Par quatre arrêts en date du 1er décembre 1995, l'assemblée plénière de la Cour de cassation abandonne l'exigence d'une fixation du prix lors de la conclusion du contrat ou, à défaut, de modalités de détermination extérieures à la volonté d'une seule des parties. Est également déclarée valable la clause conférant à l'un des contractants le pouvoir de fixer le prix ultérieurement. Ce pouvoir de fixation du prix est désormais simplement contrôlé, par la technique de l'abus ouvrant droit à la résiliation du contrat, ou bien à l'indemnisation de la victime du prix abusif.
Une telle modification du droit positif constitue un événement considérable, aux incidences multiples et, en l'état, encore largement hypothétiques.

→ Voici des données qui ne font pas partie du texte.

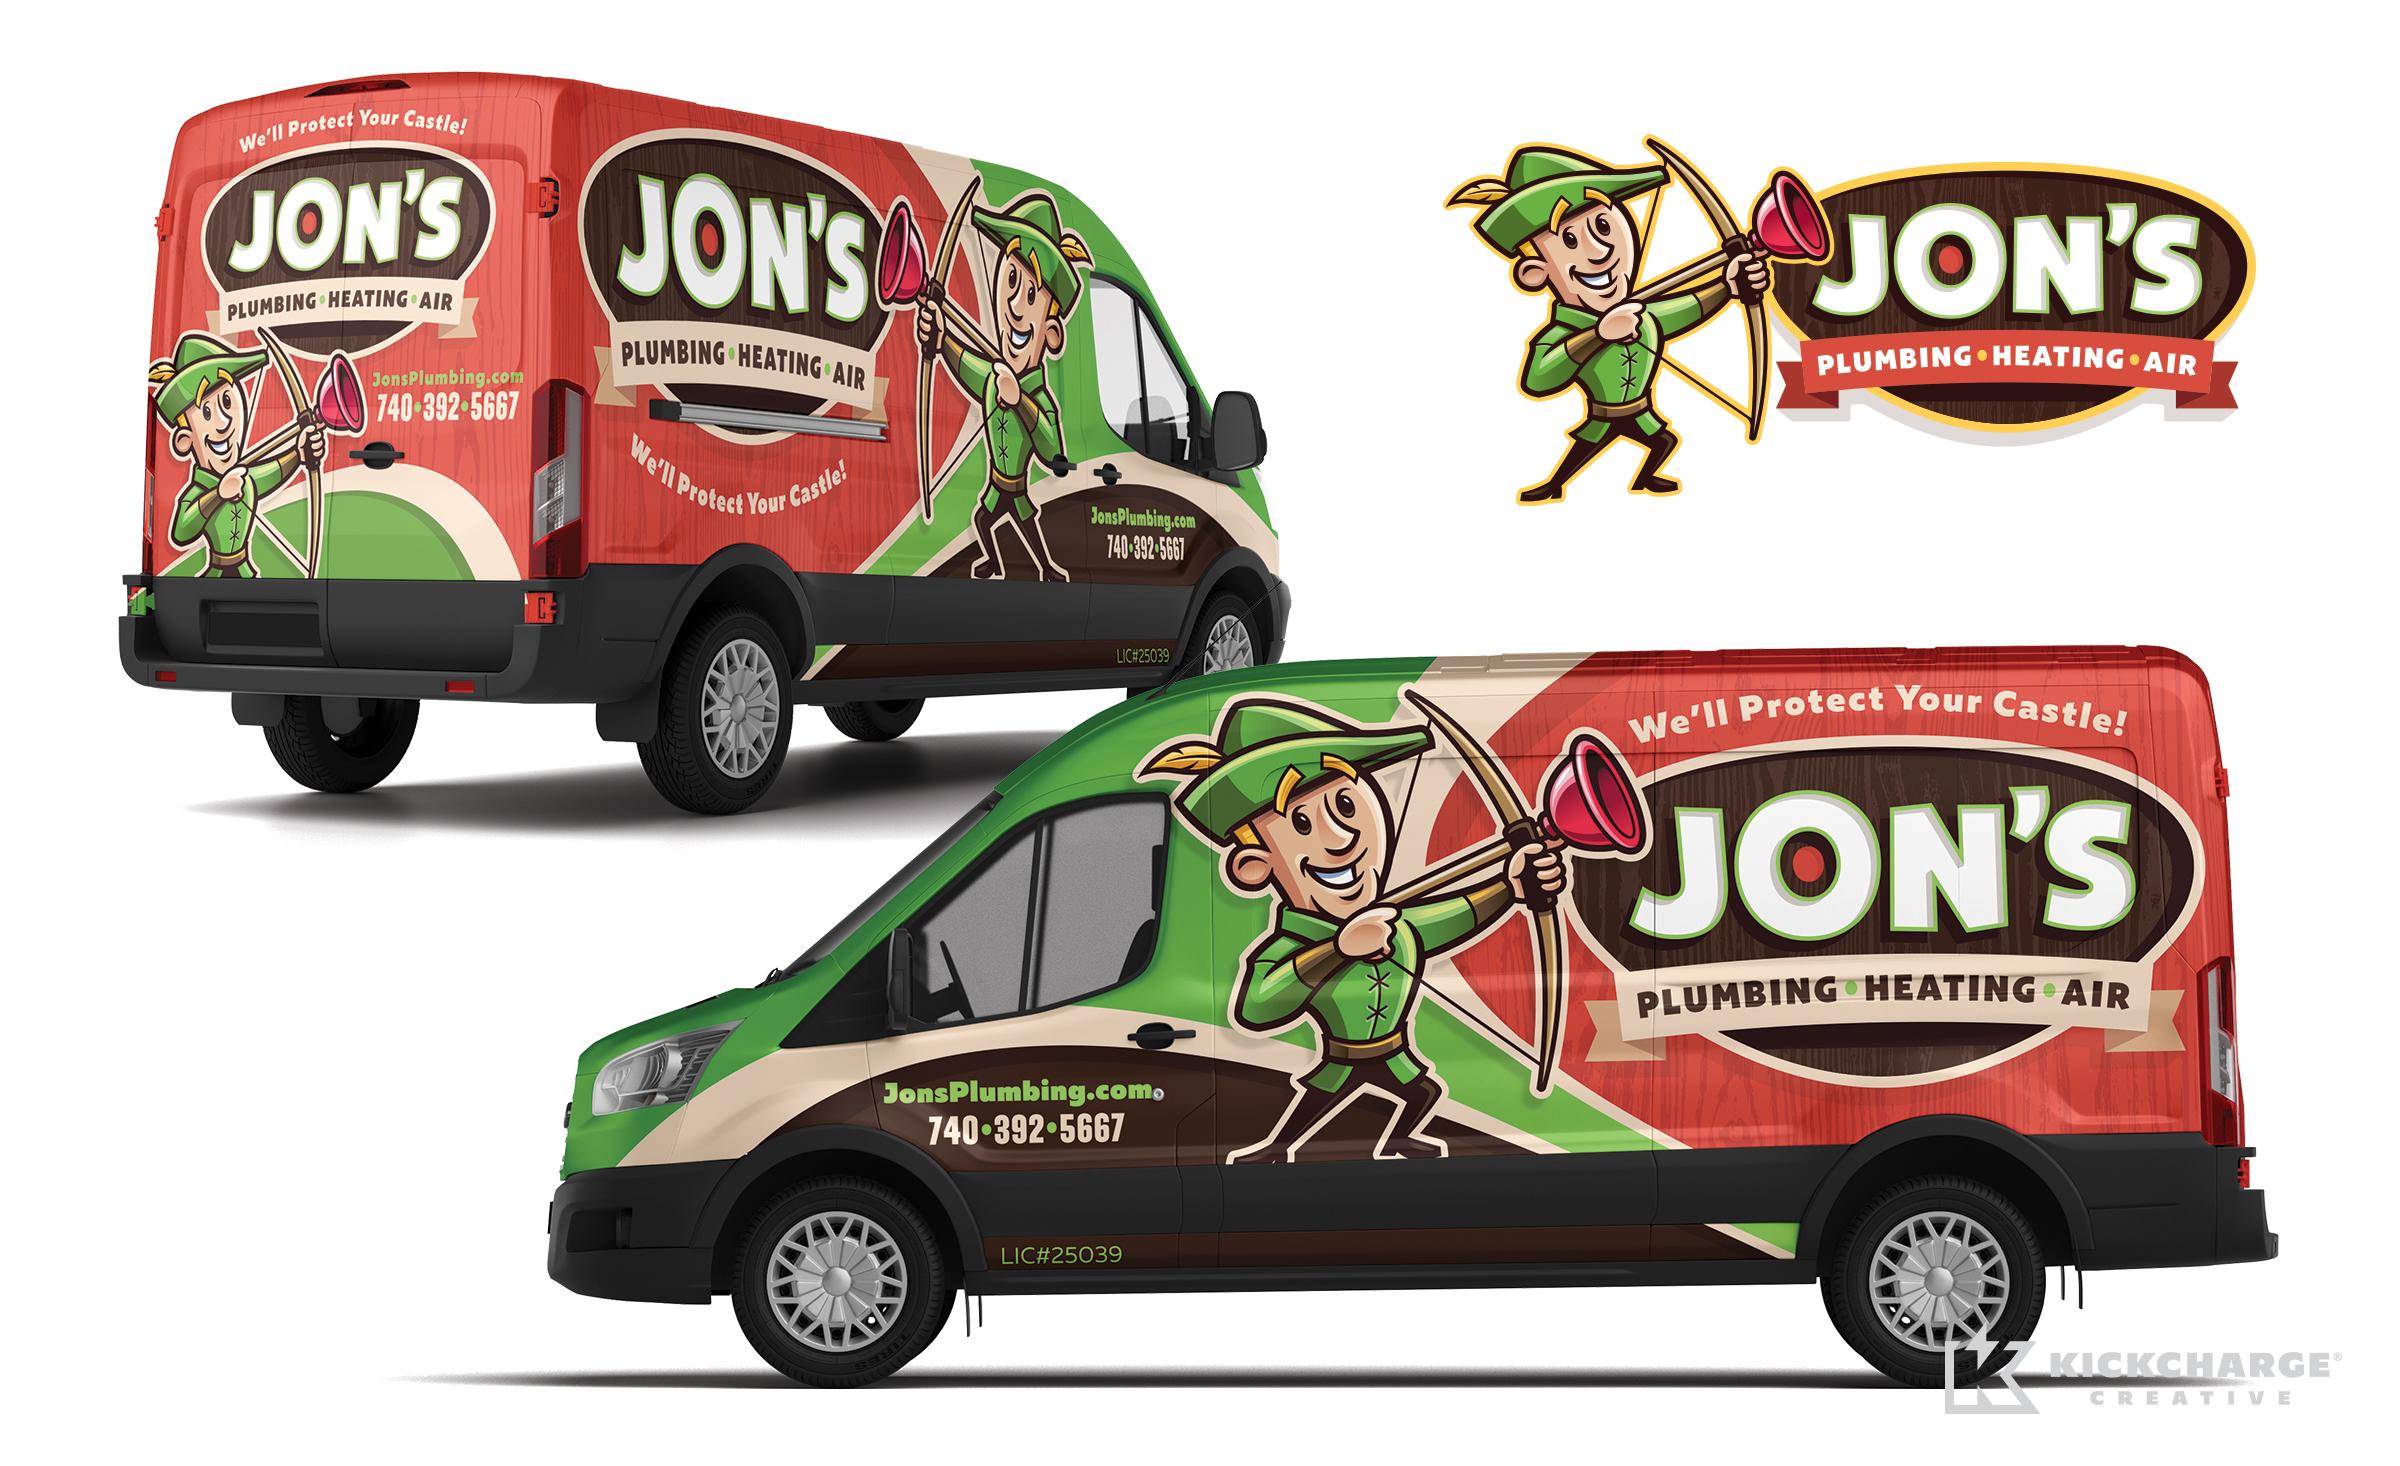 hvac and plumbing truck wrap for Jon's Plumbing, Heating & Air

Les interrogations l'emportent en effet sur les certitudes, de la validité du contrat sans clause de prix aux modalités d'identification de l'abus, en passant par les conditions et les effets de la résiliation, la possibilité de la cumuler avec une indemnisation, la conciliation entre règles communes et règles spéciales de détermination du prix, etc.
Après la présentation du contenu même de ces décisions, le nouveau dispositif est envisagé dans son contexte et ses enjeux économiques. Puis les arrêts du 1er décembre 1995 sont analysés à l'aune des trois domaines qu'ils concernent directement et profondément : les contrats-cadre, les relations de dépendance, le droit commun. La présentation des solutions étrangères - allemandes spécialement - permet ensuite de mesurer si le revirement de jurisprudence est effectivement de nature à rompre l'isolement du droit français sur ces questions. L'ensemble des enseignements énoncés dans ces multiples approches est rassemblé en une synthèse qui fait le départ entre les certitudes acquises, les perspectives probables et les interrogations persistantes.